Gandhi had just begun to come out of virtual retirement. The Madras Resolution of the Congress passed a resolution in December 1927 demanding absolute independence. Gandhi dubbed it as childish; S supported it but wanted complete independence to include Goa and Pondicherry too. His biting articles in the Mahratta and his weekly Sharaddhananda in which he criticized Motilal Nehru and Gandhi for their pro-Muslim policy did more harm than good to the cause which S championed. Both the weeklies were would up.

There was a failed move to elect him as the President of the Hindu Mahasabha in 1927. The govt prevented him from presiding over the Depressed Classes Congress in Nov 1927. Bhai Parmanand Jain, a prominent Sabha leader wanted S to represent the Hindus at the Round Table Conference but alas!
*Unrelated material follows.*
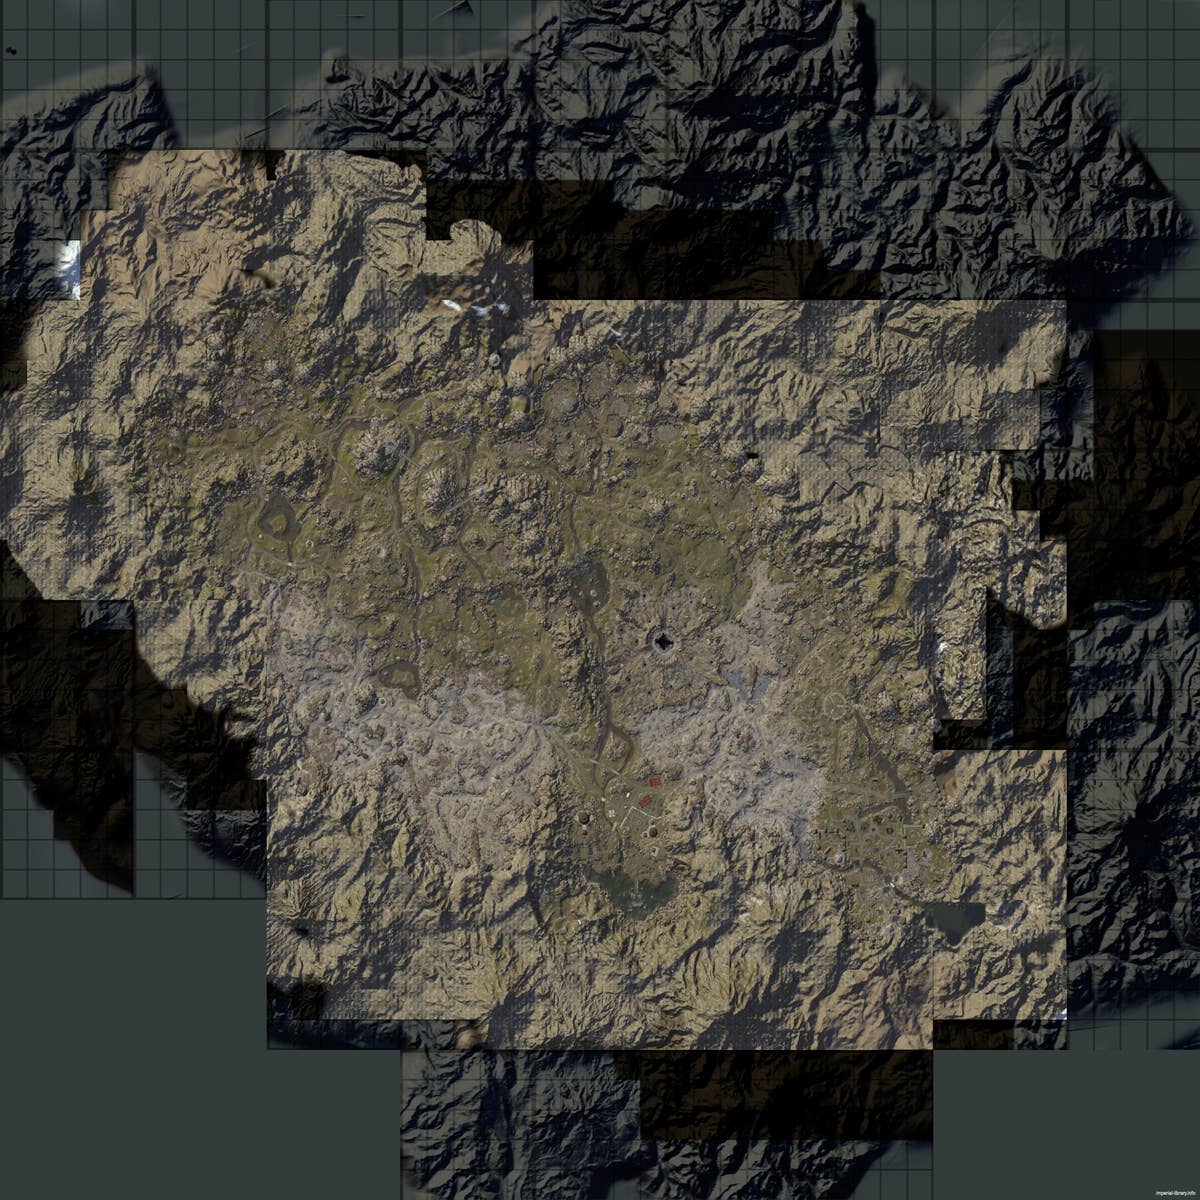 Elder Scrolls' High Rock: Possible TES 6 Location Explained

The govt went on extending the period of S’s internment from time to time-1929 to 1937 as they considered him a danger to the peace of India. Leaders in the Council and people from outside were doing their utmost for the release of S, but the Govt was not yielding to the pressure. In the meantime a Committee called Savarkar Restrictions Removal Committee was set up under the chairmanship of Dr M.B.Velkar in July 1935. Lakhs of signatures were collected and the petition was submitted to the govt. But India of those days was dominated by Gandhi who literally threw into the waste paper basket the appeal for S’s release. Nehru was reported to have torn the memorandum to pieces. This was before S had joined the Hindu Mahasabha as a political party, opposed to the Congress.
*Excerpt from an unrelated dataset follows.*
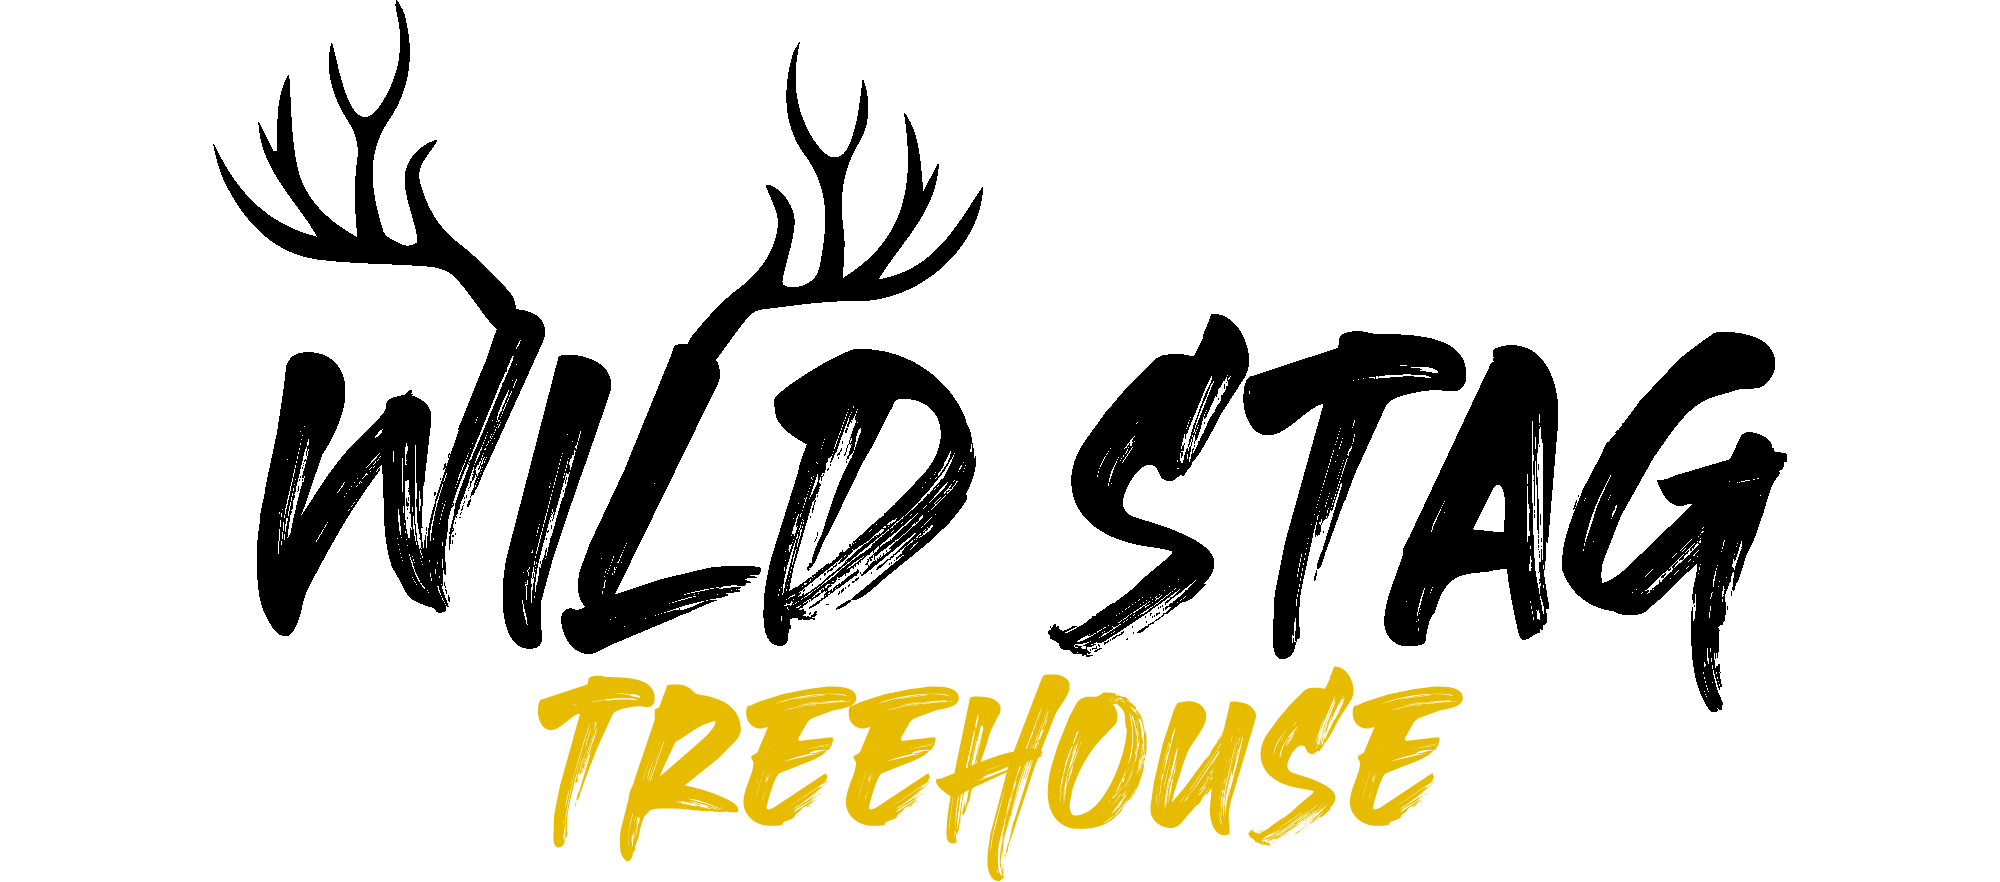 Wild Stag Treehouse

Meanwhile provincial elections were held, the Congress was victorious. The Brits were keen that the Congress accepts office. Due to a deadlock Bahadur D Cooper agreed with the help of Jamanadas Mehta to form an interim govt on one condition, that S would be released precedent to accepting the office. The Governor agreed subject to S’s good behavior. S was released unconditionally on 10/05/1937. The tiger was free.

Several functions were held at Ratnagiri in honor of S’s release. A purse was presented to him too. Shri Mehta by securing the release of S had done yeoman’s service to the nation.